Examination of Witnesses (Questions 60-79)
Dr Nigel Dowdall, Dr Mark Popplestone and Mr Roger
Wiltshire
26 JUNE 2007
Q60 Lord Haskel: Coming to the matter
of a pandemic of influenza, are there any contingency plans to
deal with an outbreak? If you know that an outbreak has occurred
do you have contingency plans to deal with it so that there is
a routine which just goes into operation?
Dr Dowdall: Any airline that does not have contingency
plans is somewhat remiss for its shareholders, because for us
it is a business continuity issue. In terms of what we should
all be doing, International Civil Aviation Organisation, International
Air Transport Association and the WHO had a meeting a couple of
years ago in Singapore where they developed protocols and guidance
for airlines, for airports, and those are published and made available.
Certainly most of the major airlines have taken that on board
and have developed their plans and are clearly working in conjunction
with their other business partners, government agencies and so
on. It is certainly happening in the UK, where the CAA Aviation
Health Unit is the focal point for the liaison between airlines
and airports and the Department of Health, the Department of Transport,
etc, in pandemic planning.
Q61 Lord Haskel: Have these plans been
tested? Do we know that they work?
Dr Dowdall: There have been a number of exercises.
The Government has run exercises. My own airline is planning on
exercising our plan later this year.
Dr Popplestone: Virgin Atlantic took part in
a recent exercise run by the Department of Health and, yes, we
run regular contingency planning exercises. We have a working
group within the airline. You gain information on contingency
planning because it is a business threatening problem.

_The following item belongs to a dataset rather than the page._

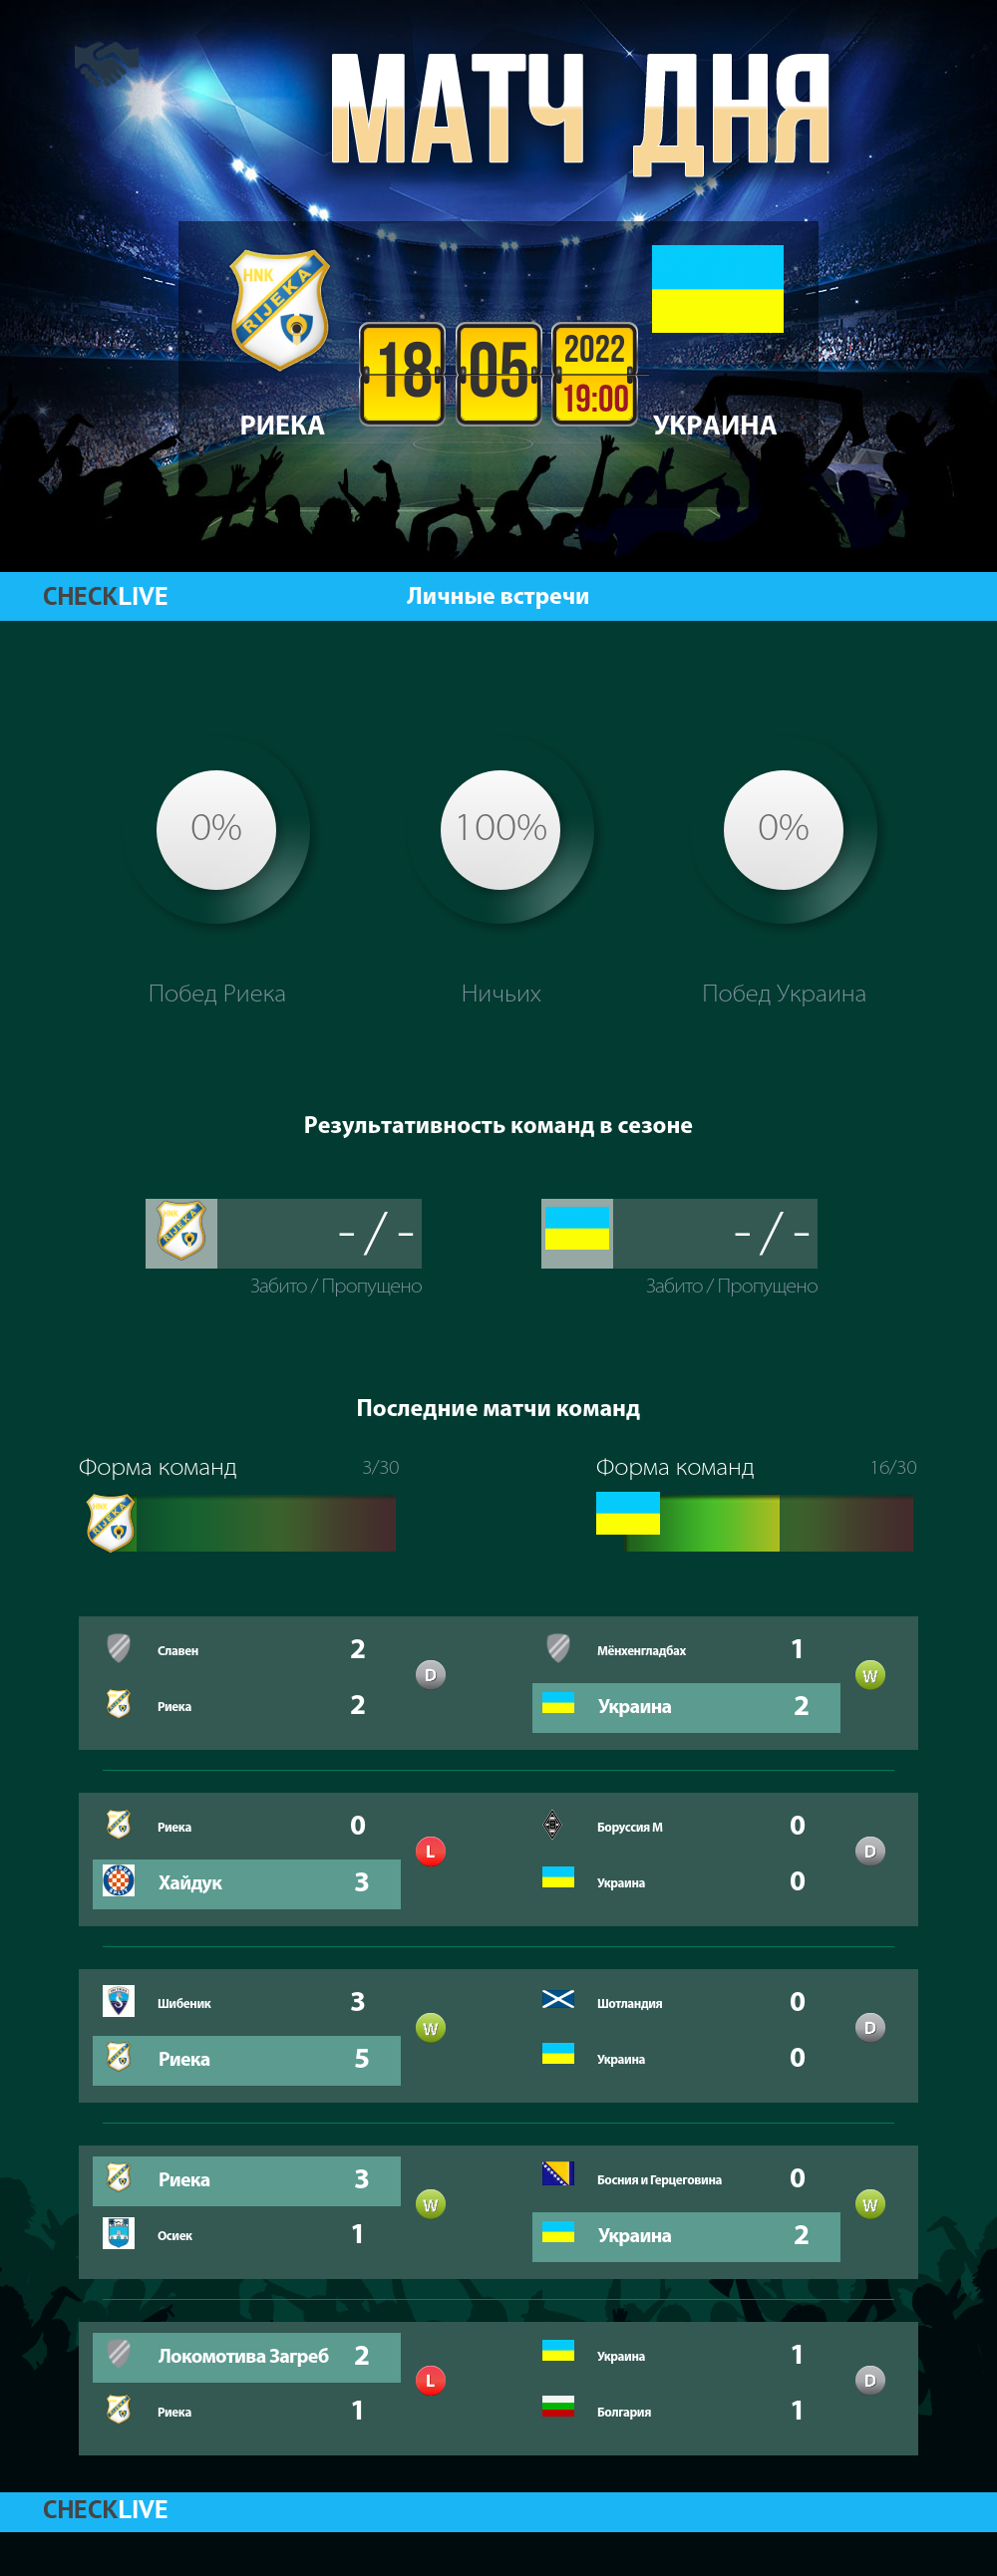 Инфографика Риека и Украина матч дня 18.05.2022

But in
everything we do we try to work with the Department of Health,
to work with the Government Health Protection Agency. The other
complicating factor, of course, is that we have to interact with
the public health authorities of many different countries around
the world as well, but we do what we can to try to make sure that
all things are compatible with that.
Q62 Lord Haskel: The staff play a
part in this. They know how to deal with the passengers.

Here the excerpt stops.